The following is a demonstration of the threaded.d script,
Here we run a test program called "cputhread" that creates 4 busy threads
that run at the same time. Here we run it on a server with only 1 CPU,
# threaded.d
2005 Jul 26 02:56:37,
PID: 8516 CMD: cputhread
value ------------- Distribution ------------- count
1 | 0
2 |@@@@@@@ 17
3 |@@@@@@@@@@@ 28
4 |@@@@@@@@@@@ 27
5 |@@@@@@@@@@@ 28
6 | 0
[...]
In the above output, we can see that cputhread has four busy threads with
thread IDs 2, 3, 4 and 5. We are sampling at 100 Hertz, and have caught
each of these threads on the CPU between 17 and 28 times.
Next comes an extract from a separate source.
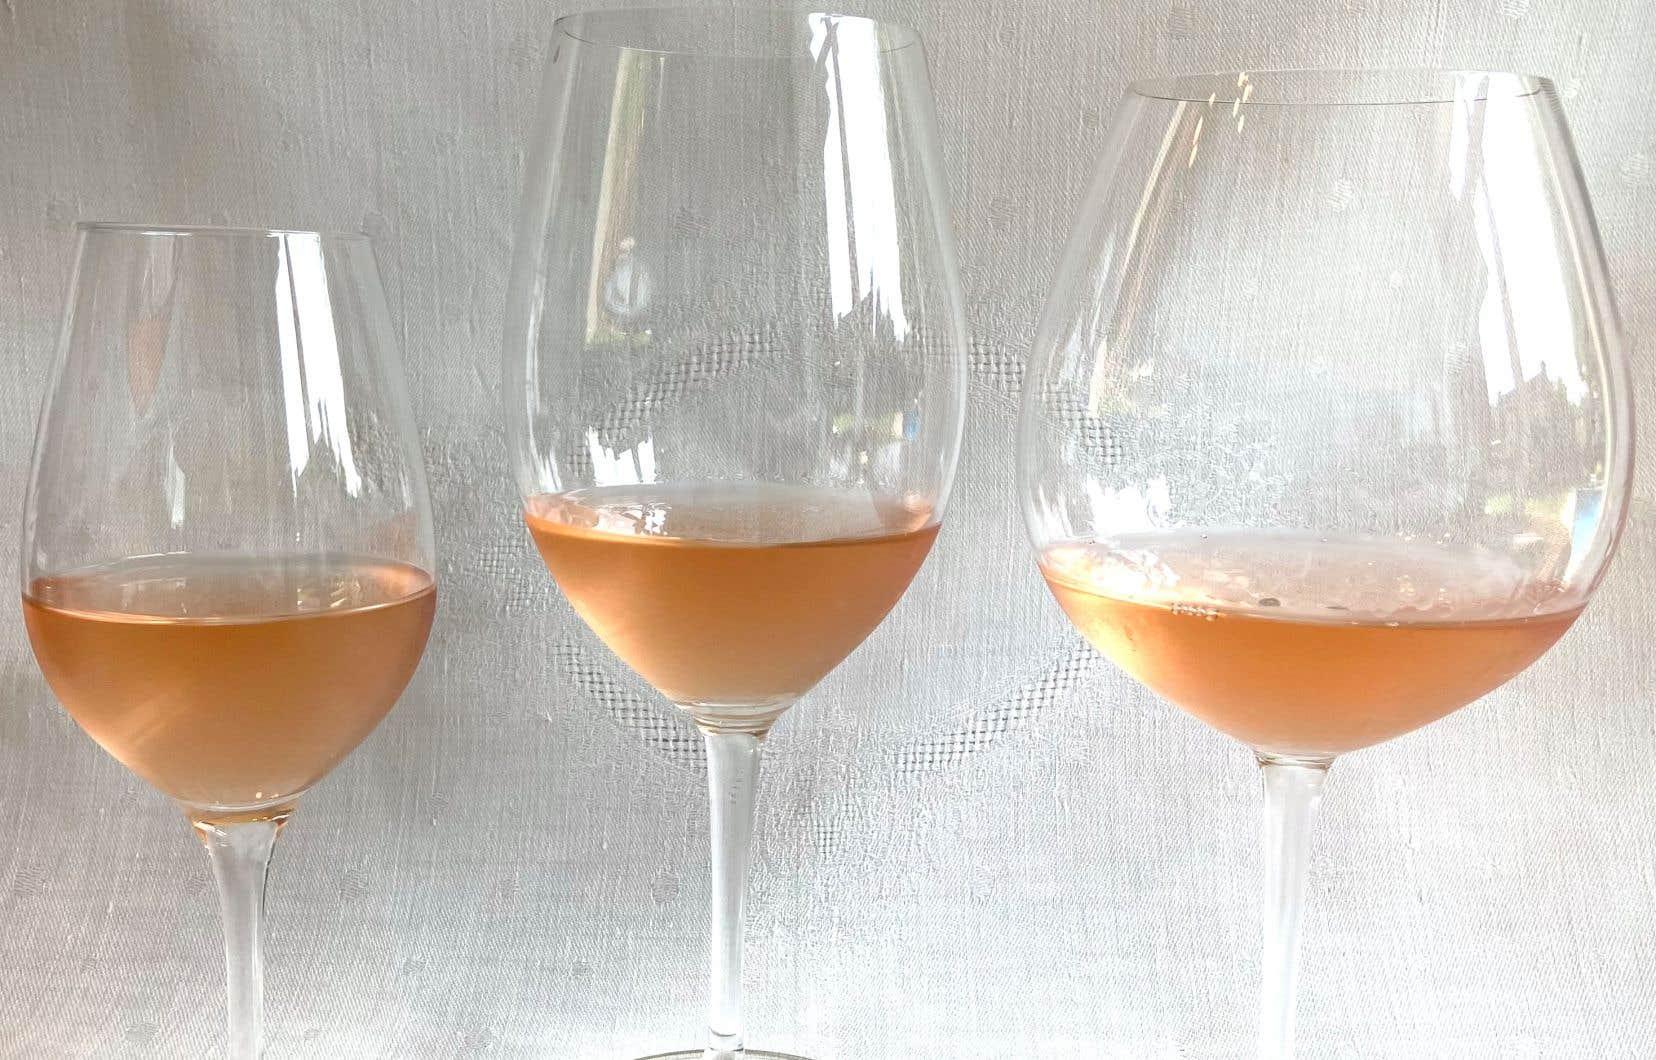 Les verres Stölzle INAO (A) et Riedel type bordeaux (B) et bourgogne (C)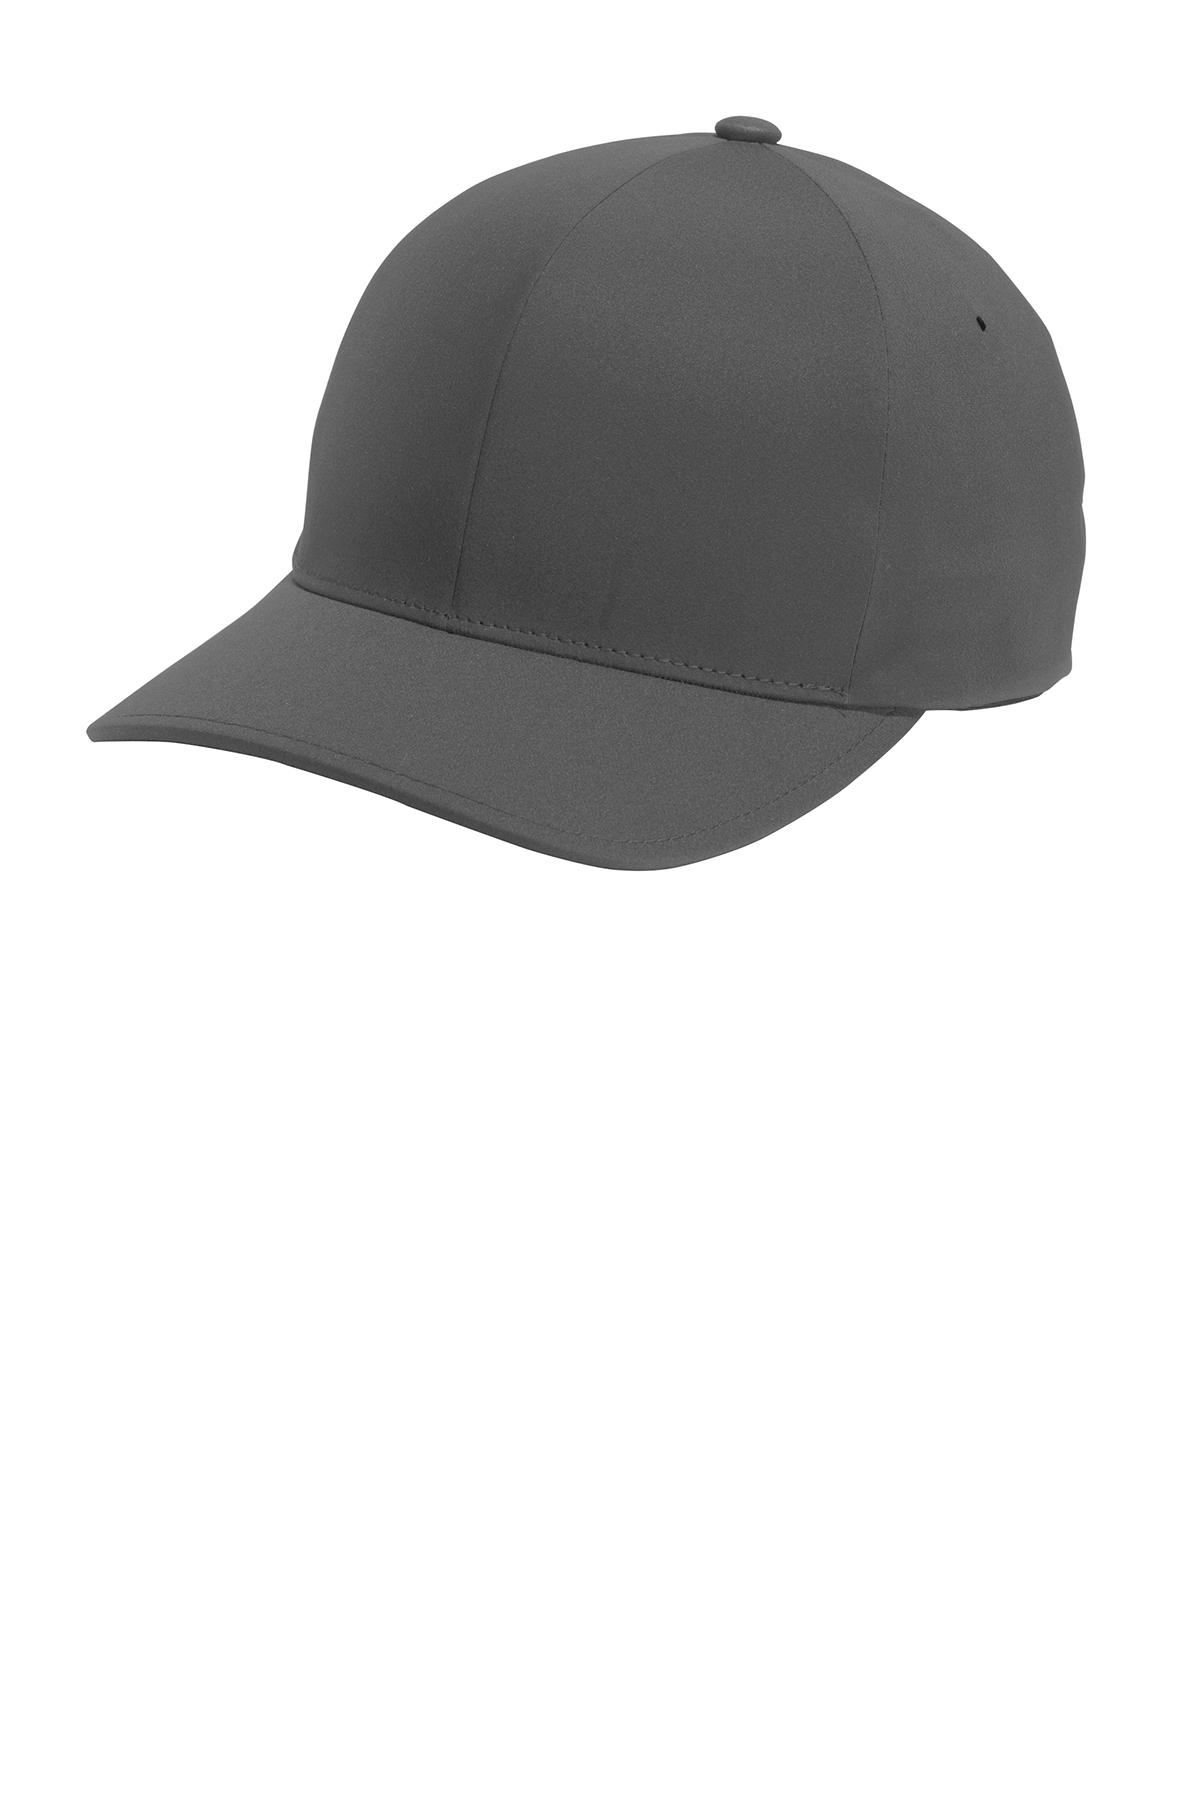 Port Authority ® Flexfit Delta ® Cap | Stretch-to-Fit | Caps | SanMar

Since the above counts add to 100, this is either a sign of a single CPU
server (which it is), or a sign that a multithreaded application may be
running "serialised" - only 1 thread at a time. Compare the above output
to a multi CPU server,
Here we run the same test program on a server with 4 CPUs,
# threaded.d
2005 Jul 26 02:48:44,
PID: 5218 CMD: cputhread
value ------------- Distribution ------------- count
1 | 0
2 |@@@@@@@@@@@ 80
3 |@@@@@@@@@@ 72
4 |@@@@@@@@@ 64
5 |@@@@@@@@@@@ 78
6 | 0
[...]
This time the counts add to equal 294, so this program is definitely
running on multiple CPUs at the same time, otherwise this total would
not be beyond our sample rate of 100. The distribution of threads on CPU
is fairly even, and the above serves as an example of a multithreaded
application performing well.
Now we run a test program called "cpuserial", which also create 4 busy
threads, however due to a coding problem (poor use of mutex locks) they
only run one at a time,
# threaded.d
2005 Jul 26 03:07:21,
PID: 5238 CMD: cpuserial
value ------------- Distribution ------------- count
2 | 0
3 |@@@@@@@@@@@@ 30
4 |@@@@@@@@@@@@@@@@@@@@@@@@@@@@ 70
5 | 0
[...]
The above looks like we are back on a single CPU server with 100 samples
in total, however we are still on our 4 CPU server. Only two threads have
run, and the above distribution is a good indication that they have
run serialised.
Now more of a fringe case. This version of cpuserial again creates 4 threads
that are all busy and hungry for the CPU, and again we run it on a 4 CPU
server,
# threaded.d
2005 Jul 26 03:25:45,
PID: 5280 CMD: cpuserial
value ------------- Distribution ------------- count
1 | 0
2 |@@@@@@@@@@@@@@@ 42
3 |@@@@@@@@@@@@@@@@@@ 50
4 |@@@@@@ 15
5 |@ 2
6 | 0
[...]
So all threads are running, good. And with a total of 109, at some point
more than one thread was running at the same time (otherwise this would
not have exceeded 100, bearing in mind a sample rate of 100 Hertz). However,
what is not so good is that with 4 CPUs we have only scored 109 samples -
since all threads are CPU hungry we'd hope that more often they could
run across the CPUs simultaneously; however this wasn't the case. Again,
this fault was created by poor use of mutex locks.